The activity of the powder is DU (Delft Units) for proteases - British Patent No. 13533.
17 specification, page 4, line 114 et seq.).

The powder formation measured in one elutriation test is less than about 100 DU, preferably about 50 DU for the particles obtained according to the present invention.
It is below U.

The invention further relates to enzyme particles produced by the method described above.

Depending on the conditions under which the enzyme particles are manufactured, they have a cross-section of between about 0.2 and about 3, preferably between about 0.5 and about 1.5 in the case of cleaning compositions. sell.

For other purposes, such as pharmaceutical compositions to be taken orally, the particle size will generally be larger as in normal practice.

The particles are flexible and can be deformed under pressure without breaking them into powder (powder formation).

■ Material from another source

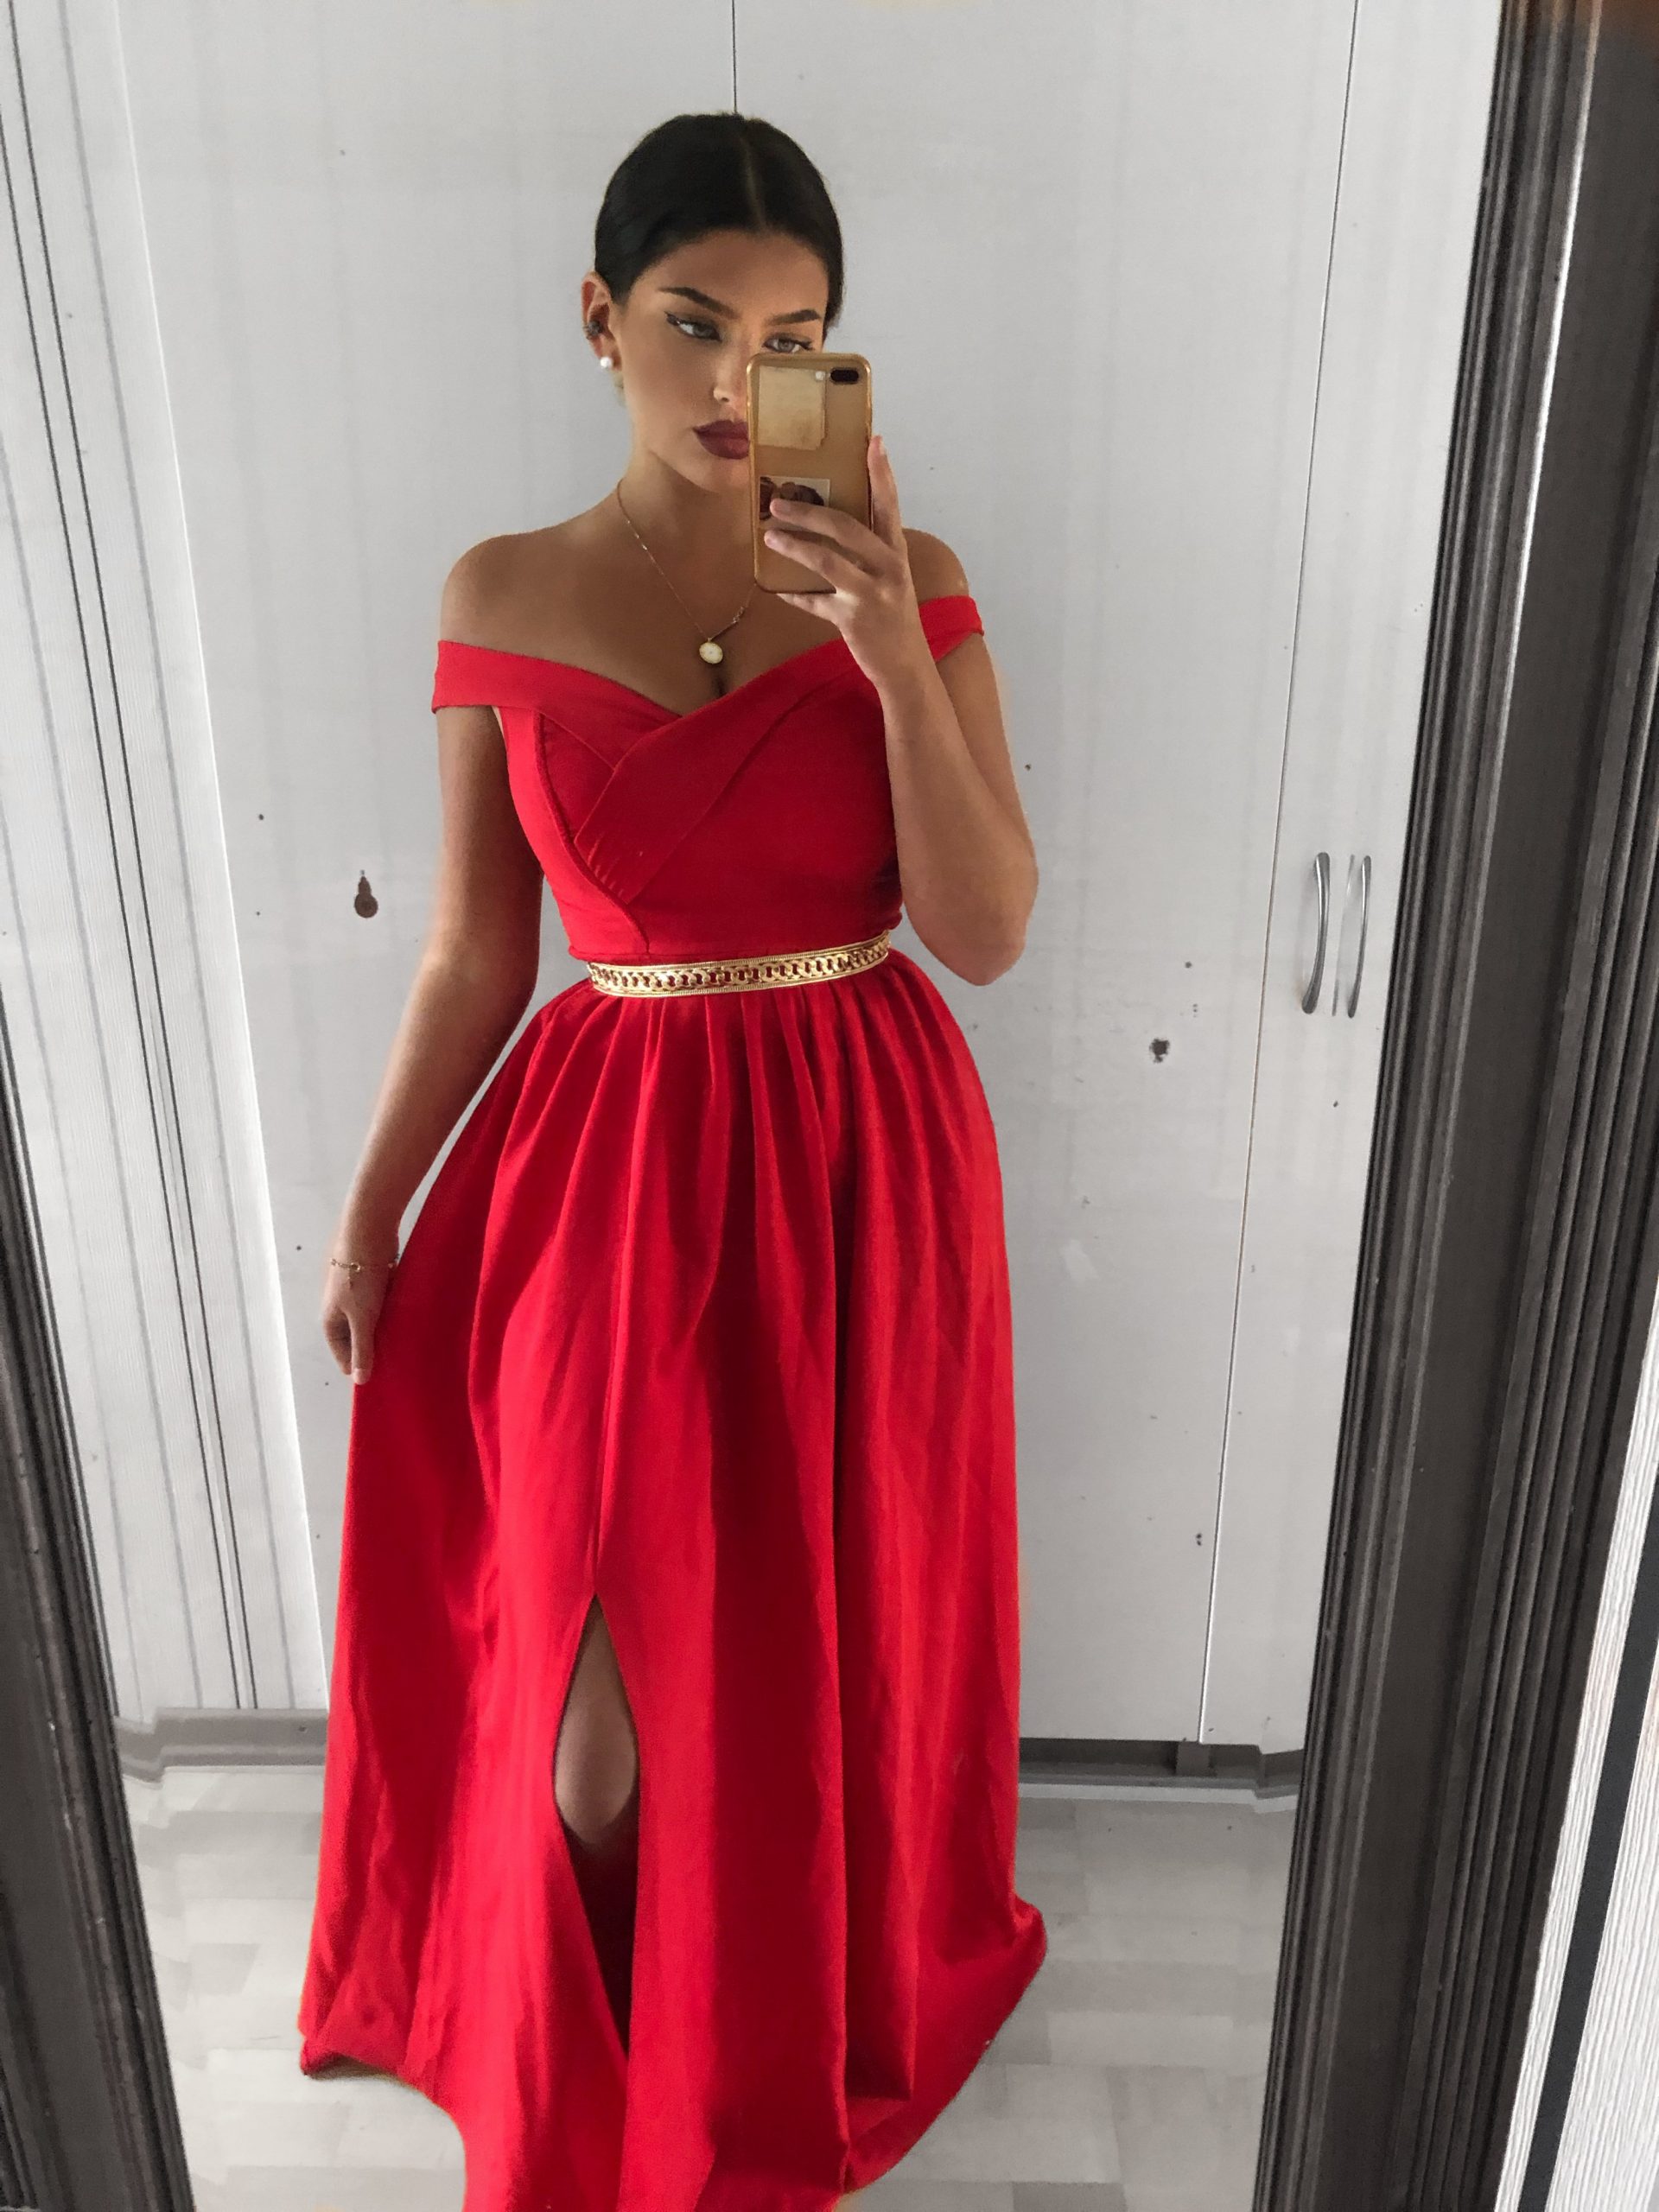 10 Schön Abendkleid In Rot Bester PreisAbend Genial Abendkleid In Rot für 2019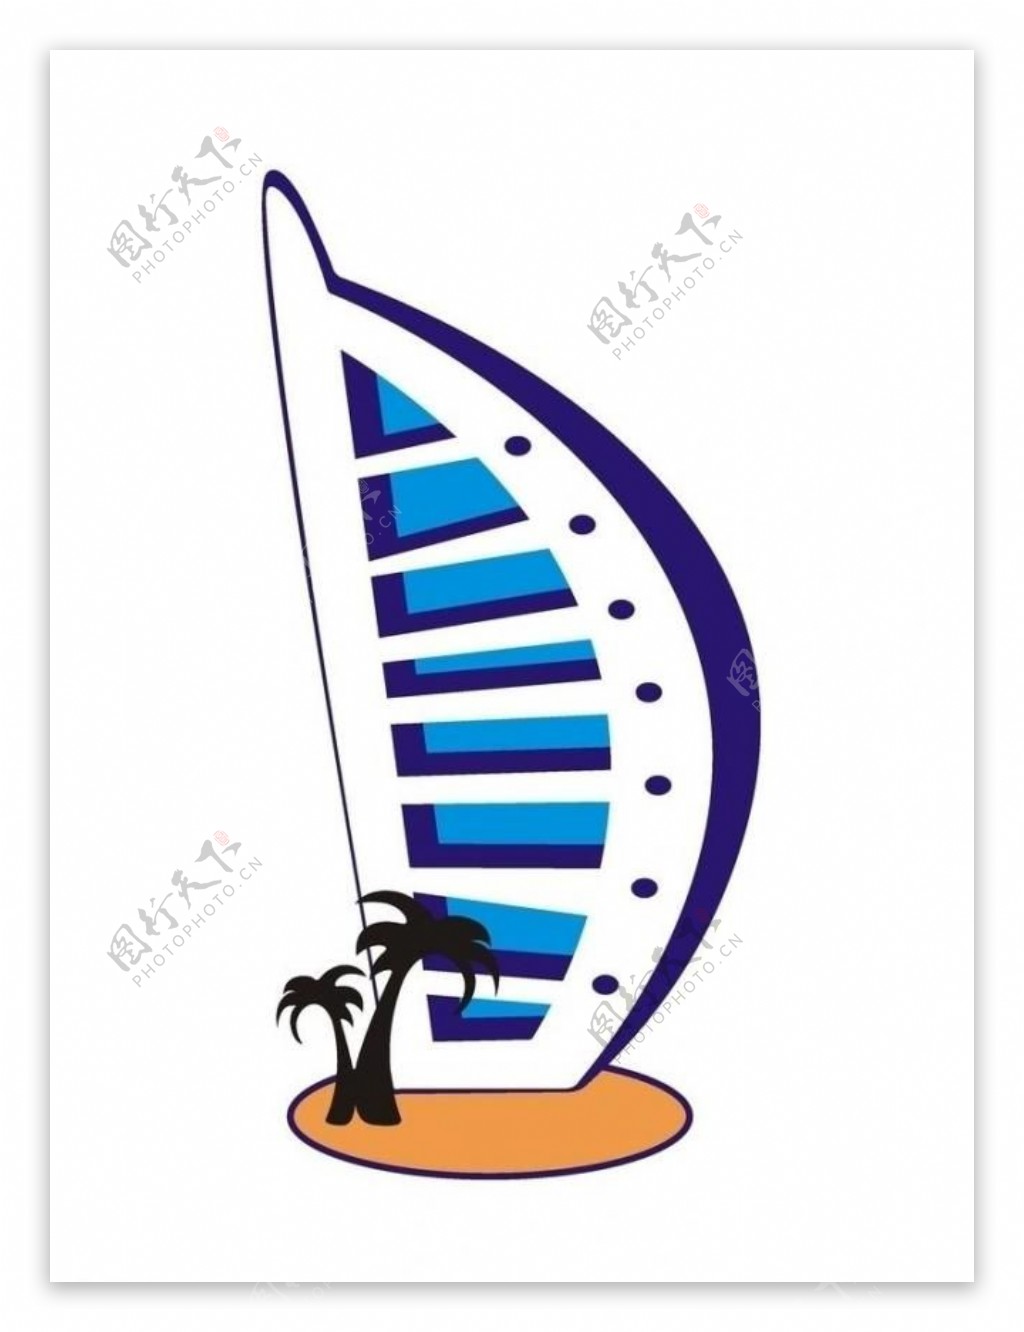 迪拜七星级帆船酒店矢量图片

However, pressures such as those occurring in a bag filled with the particles should not deform the particles excessively.

The flexibility of the particles is compatible with different bag sizes.

For small bags, the pressure experienced by the particles below the bag is less than for large bags, and for small bags the requirements regarding resistance to deformation are less stringent than for large bags.

The present invention also relates to a cleaning composition comprising, in addition to the usual cleaning composition ingredients, enzyme-containing particles produced by the method described above.

These cleaning compositions further contain one or more detergents, such as non-ionic detergents and anionic detergents (e.g. sodium benzene sulfonate), including enzymatic personal cleaning compositions. It is commonly used as a component of products.

The cleaning compositions usually contain, inter alia, complex phosphates that have a softening effect on the cleaning water (e.g. sodium tripolyphosphate, sodium pyrophosphate) or phosphate-free water softeners (e.g. nitrilotriacetic acid or its salts or citric acid). (sodium chloride).

Other ingredients such as anhydrous sodium silicate, weak alkaline ingredients (e.g. sodium carbonate), oxidizing agents (e.g. sodium perborate), fillers (e.g. sodium sulfate) and other ingredients such as carboxymethyl cellulose, fragrances, optical brighteners and pigments such as titanium dioxide may also be added.

Enzyme particles of proteolytic enzymes produced by the process of the present invention are typically adapted to impart a proteolytic activity of from about 1000 to about 3000 DU/g, preferably from about 1500 to about 2500 DU/P, to the finished cleaning composition. used in large quantities.

The amount of detergent used in the cleaning composition is generally about 4
to about 20%, preferably about 6 to about 12%.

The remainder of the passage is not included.